Understanding how an assembler works demystifies the entire toolchain. When you know that a compiler eventually produces assembly, and assembly is fed to an assembler, and the assembler produces binary that the CPU runs, you understand the complete stack from thought to electrons.
What an Assembler Does
An assembler reads a source file containing assembly language text and writes an output file containing machine code bytes. The translation is largely mechanical: each assembly instruction corresponds to a specific opcode byte or sequence of bytes defined by the CPU architecture.
The simplest assembler — a single-pass assembler — reads each line, looks up the mnemonic in a table, and emits the corresponding bytes. For MOV A, 42, it emits the opcode for “load immediate value into register A” followed by the byte 42.
A two-pass assembler handles forward references: situations where code refers to a label defined later in the file. On the first pass, it scans the entire source file and records the address of every label. On the second pass, it emits the actual machine code, now able to resolve any label reference to its known address.
The output is typically a binary file containing raw machine code ready to be loaded into RAM and executed, or an object file that a linker will combine with other object files to produce a final executable.
Building a Simple Assembler
A minimal assembler needs:
1. A lexer (tokenizer): Reads the source text character by character and groups characters into tokens — mnemonics, register names, numbers, labels, comments. A token is the smallest meaningful unit. The line MOV A, 42 ; load value produces tokens: MOV, A, ,, 42, with the comment stripped.
2. An opcode table: Maps mnemonic strings to their binary encodings. For a simple 8-bit CPU this might be a two-column table with 50-200 entries. Store it as a sorted array and use binary search for lookup, or as a hash table if you have implemented one.
3. A symbol table: Maps label names to their addresses. Populated during the first pass, consulted during the second pass when labels appear as operands.
4. An expression evaluator: Handles numeric operands that might be constants, labels, or simple arithmetic like BUFFER + 10. At minimum, evaluate decimal and hexadecimal literals and label references.
5. Code emission: Writes bytes to the output file. Keep a location counter tracking the current output address so you know where each instruction will land in memory.
A concrete example for the Z80 CPU: when the assembler sees LD A, (HL), it looks up LD with operands A and (HL) in its opcode table and finds the encoding 0x7E — a single byte. When it sees LD A, n where n is a literal value like 0x3F, it emits two bytes: 0x3A (the opcode for load A with immediate) followed by 0x3F.
Handling Labels
Labels are the assembler’s most important contribution beyond simple opcode translation. A label marks a position in the code — the start of a routine, the target of a jump, the location of a data buffer.

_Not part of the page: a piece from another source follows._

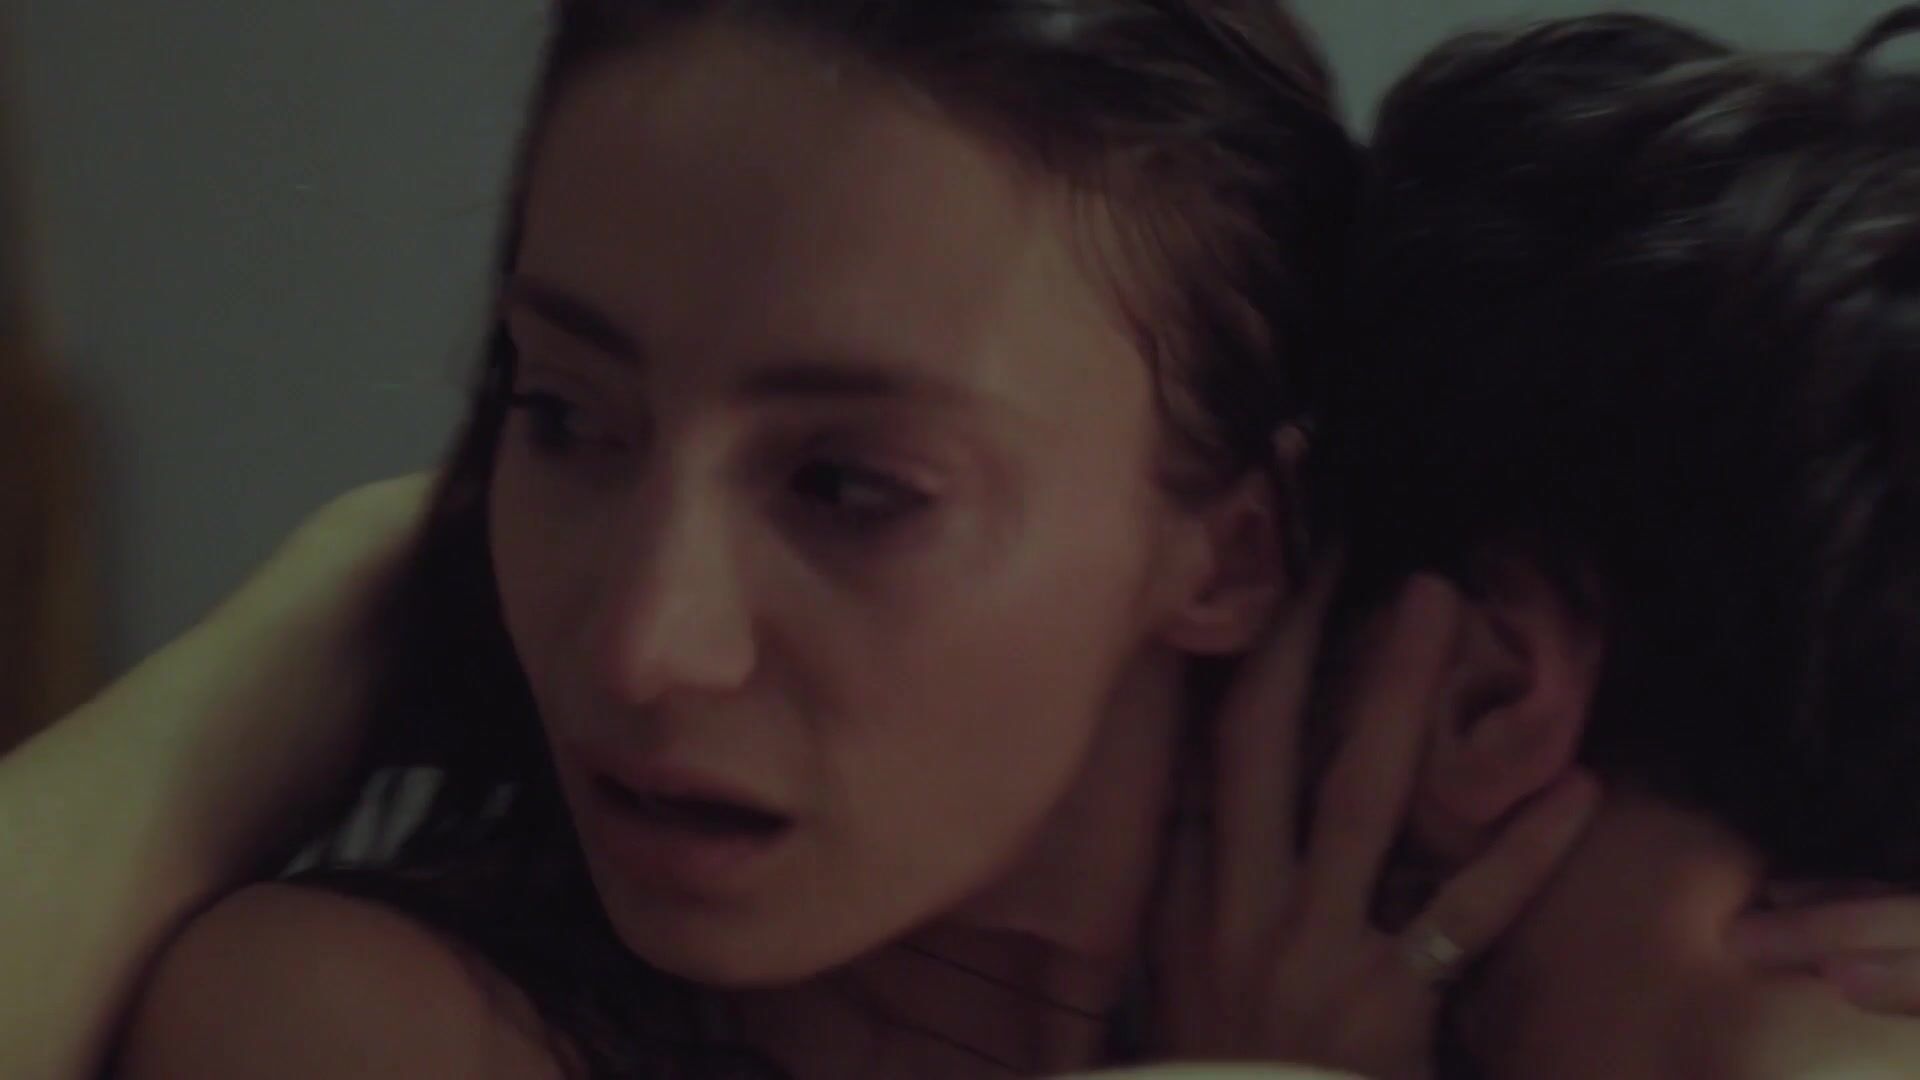 Hot Milf Actress sex scenes from Guzva (2019) - Gordana Djokic, etc. Music

In the source file, a label appears as a name followed by a colon at the start of a line:
LOOP:
LD A, (HL)
INC HL
DJNZ LOOP
LOOP is a label. The instruction DJNZ LOOP means “decrement register B, jump to LOOP if not zero.” During the first pass, the assembler records LOOP = <current address>. During the second pass, when it processes DJNZ LOOP, it looks up LOOP in the symbol table, computes the relative offset from the current instruction to the target, and encodes that offset in the jump instruction.
For absolute jumps, the label’s address is encoded directly. For relative jumps (common on 8-bit processors to save space), the offset is the difference between the target address and the address of the instruction following the jump — a signed byte, typically, allowing jumps of -128 to +127 bytes.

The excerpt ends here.